Government scandal hits Venezuela

Venezuelans who watched the political fortunes of Richard Nixon ebb and wane during 1975 and 1976 now have their own Watergate: a government scandal involving former President Carlos Andres Perez.

Censured by the Venezuelan Congress May 8 in the probe of a government ship purchase during his presidency, Mr. Perez faces the possibility of legal action. The Venezuelan attorney general is looking into the situation and promises an early decision on whether to prosecute the former president.

Within the Venezuelan Senate, there is already a move to strip Mr. Perez of his immunity as a member of the Senate -- an office he holds because he is a former president.

And his own party, Accion Democratica, is sharply divided on how to deal with the incident.

The whole imbroglio centers on the Perez government's purchase of a Norwegian refrigerated freighter called the Sierra Nevada, in 1977. The price for the 10, 000-ton vessel was $11.9 million, but the Venezuelan government paid an intermediary concern $20 million.
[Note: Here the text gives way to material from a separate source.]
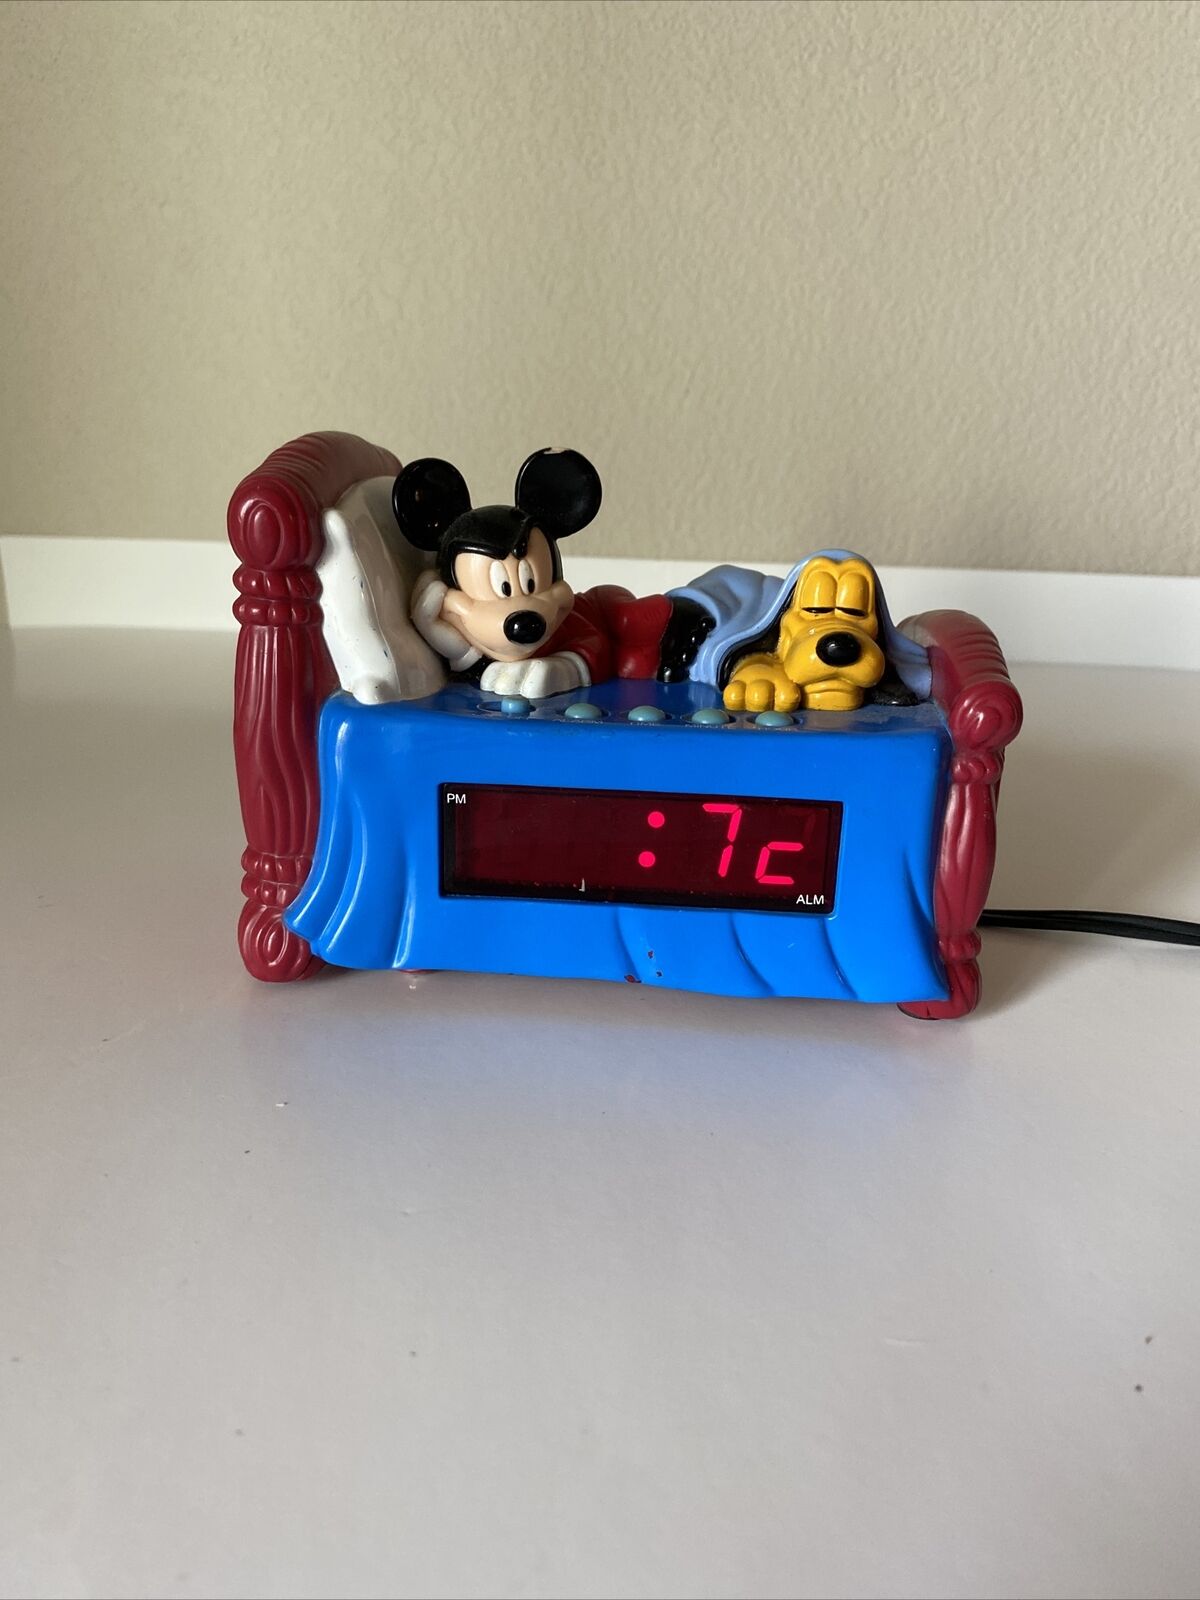 Mickey Mouse And Pluto Alarm Clock.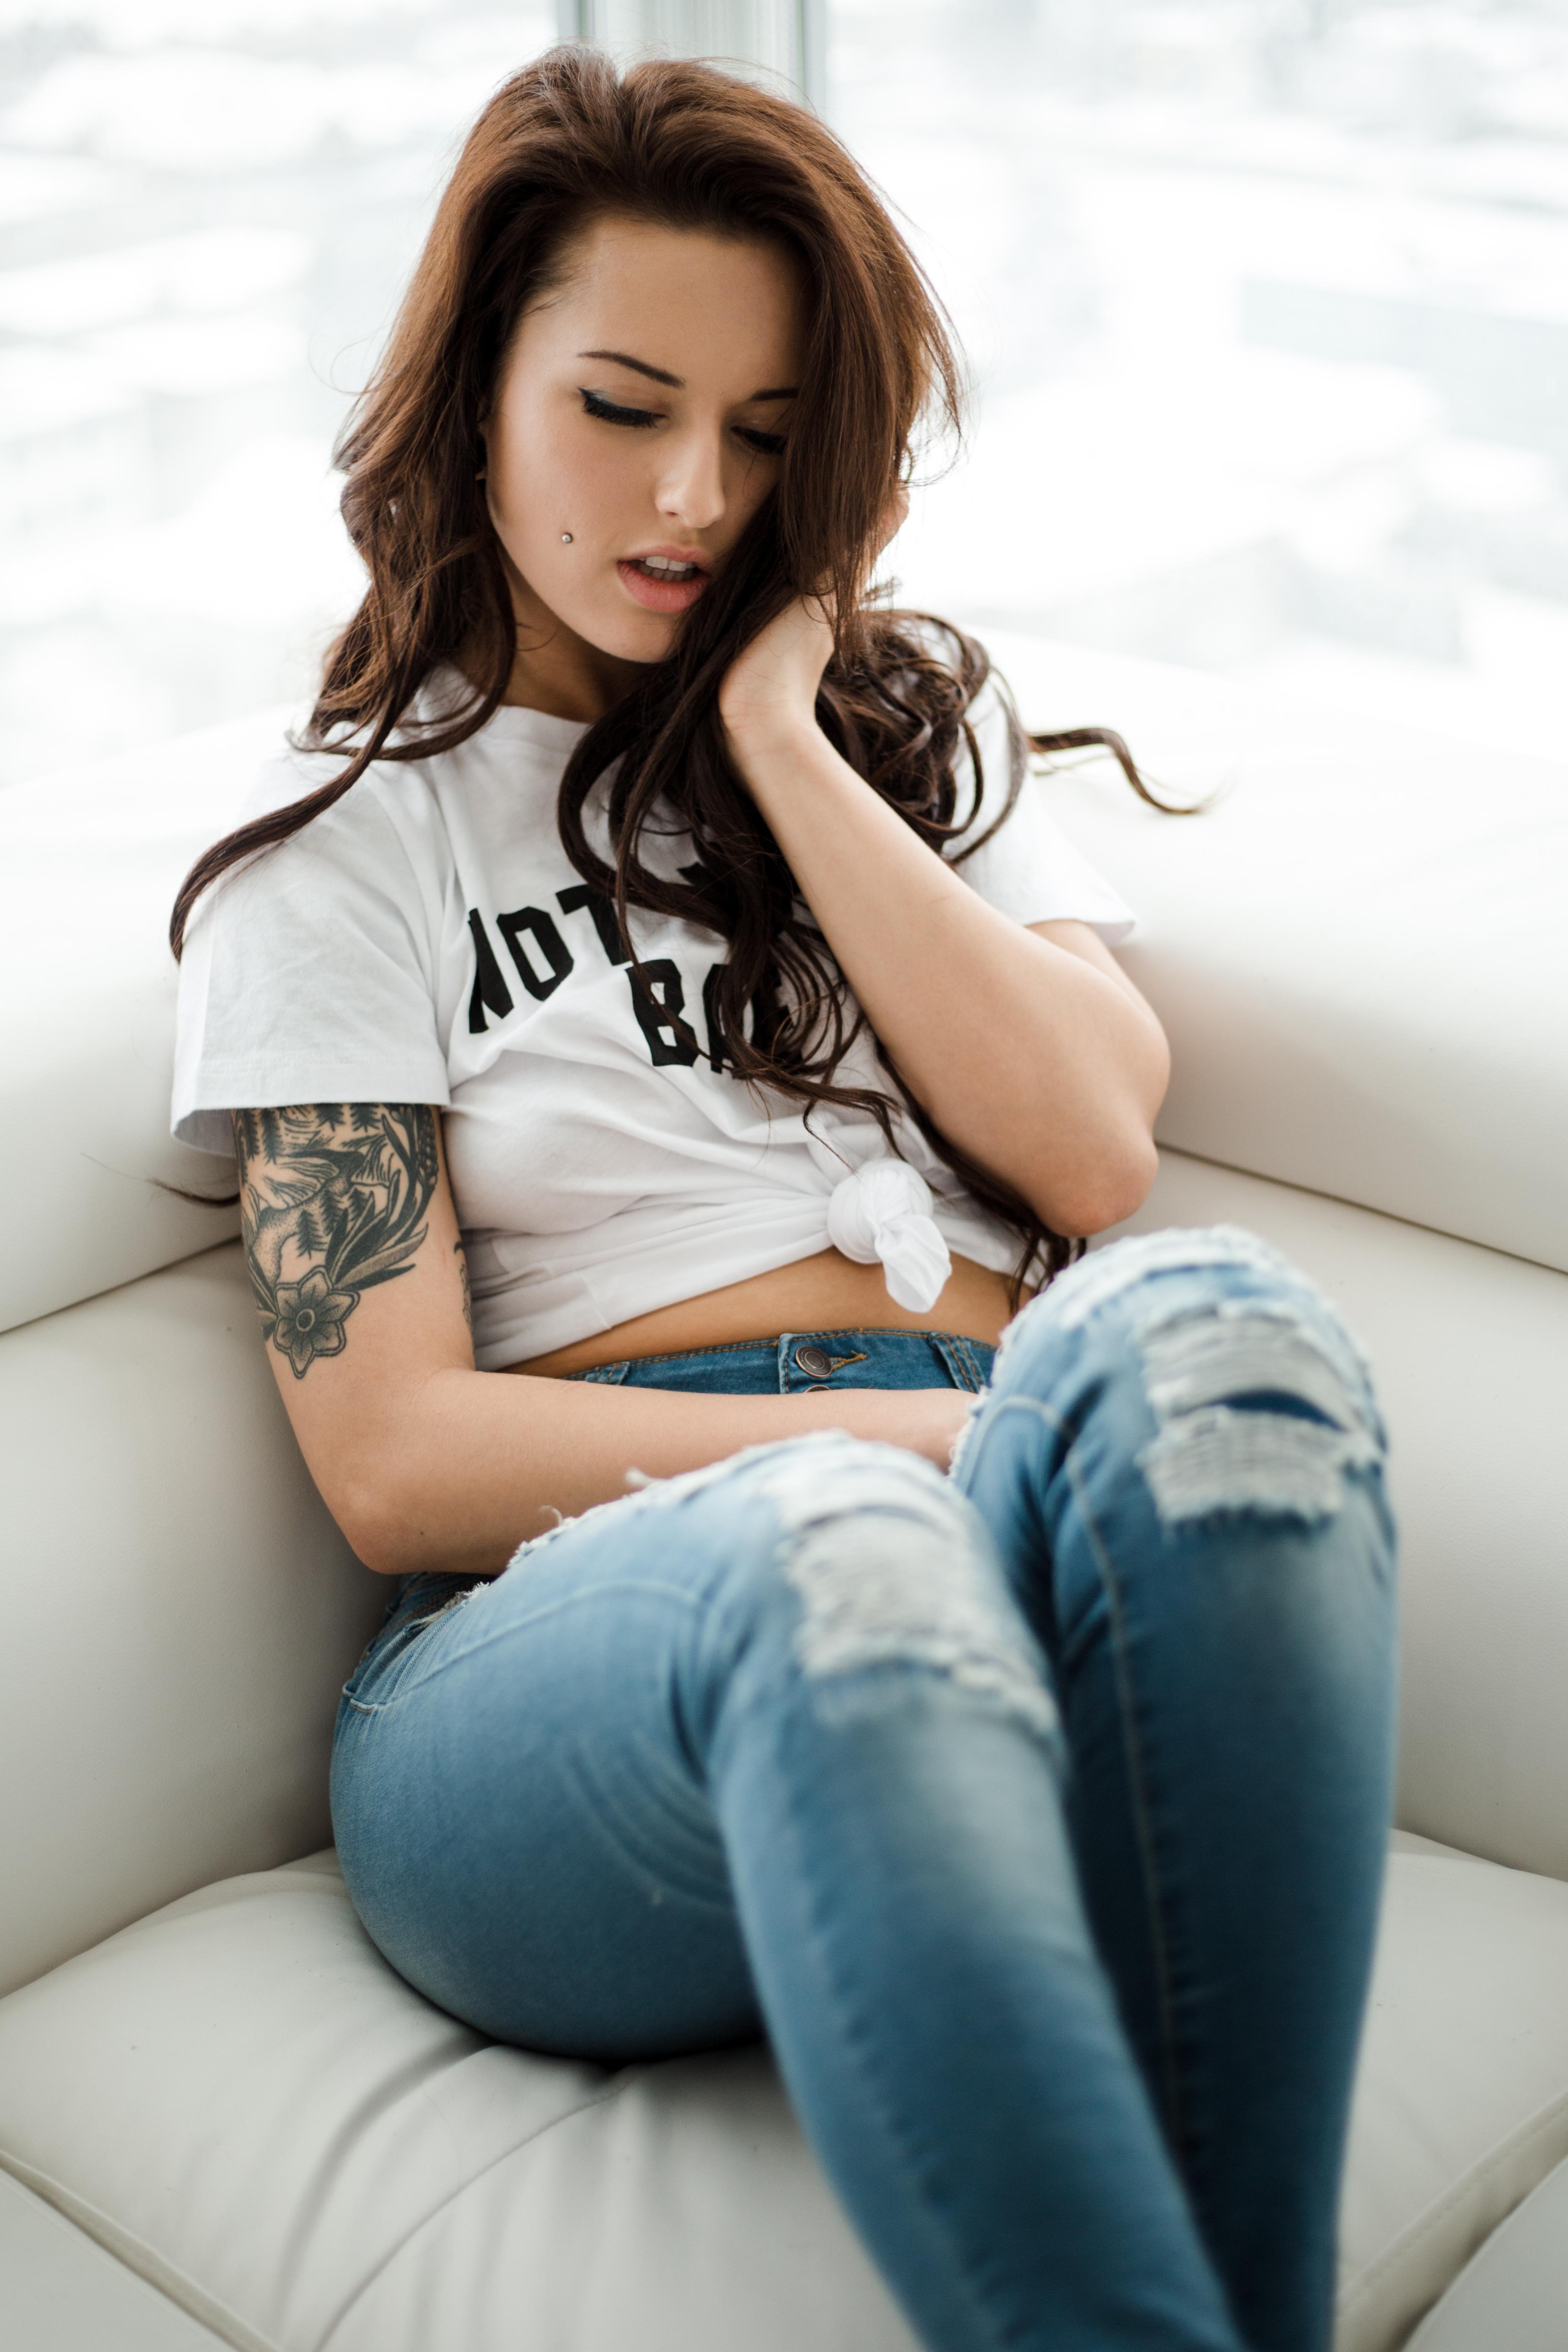 100 Girl In Jeans Pictures  Wallpaperscom

In its probe, a congressional committee reported that the $8.1 million overcharge was made with the full knowledge of the Perez administration and that the money went to a number of Venezuelans.

In his defense, the former president says the whole affair is an effort by "multinational interests" to discredit him and his administration. It was during his presidency, he notes, that Venezuela nationalized United States oil companies and iron-mining concerns worth billions of dollars.

Although the Sierra Nevada incident has received the most attention, there are numerous other charges of corruption, waste, and mismanagement against the Perez government, which held office from 1974 to 1979. During those five years, it spent $55 billion on industrial and agricultural projects, public works, and social programs.

Charges that some of the money was squandered cropped up during his presidency, but Mr. Perez repeatedly scoffed at them.

However, when his party lost the presidential election in late 1978 and he was succeeded by Luis Herrera Campins of the opposition COPEI-Social Christian Party, probes into the charges were begun.

Now, Romulo Betancourt, another former president and the Accion Democratica Party's grand old man, has broken with Mr. Perez. Mr. Betancourt, who prided himself on running an efficient and honest government, wants a thorough investigation of the charges against Mr. Perez, while the Perez faction in the party is trying to squelch the whole affair.

Meanwhile, many Venezuelans compare the issue with impeachment proceedings against Richard Nixon, a comparison that bothers Mr. Perez -- a frequent Nixon critic.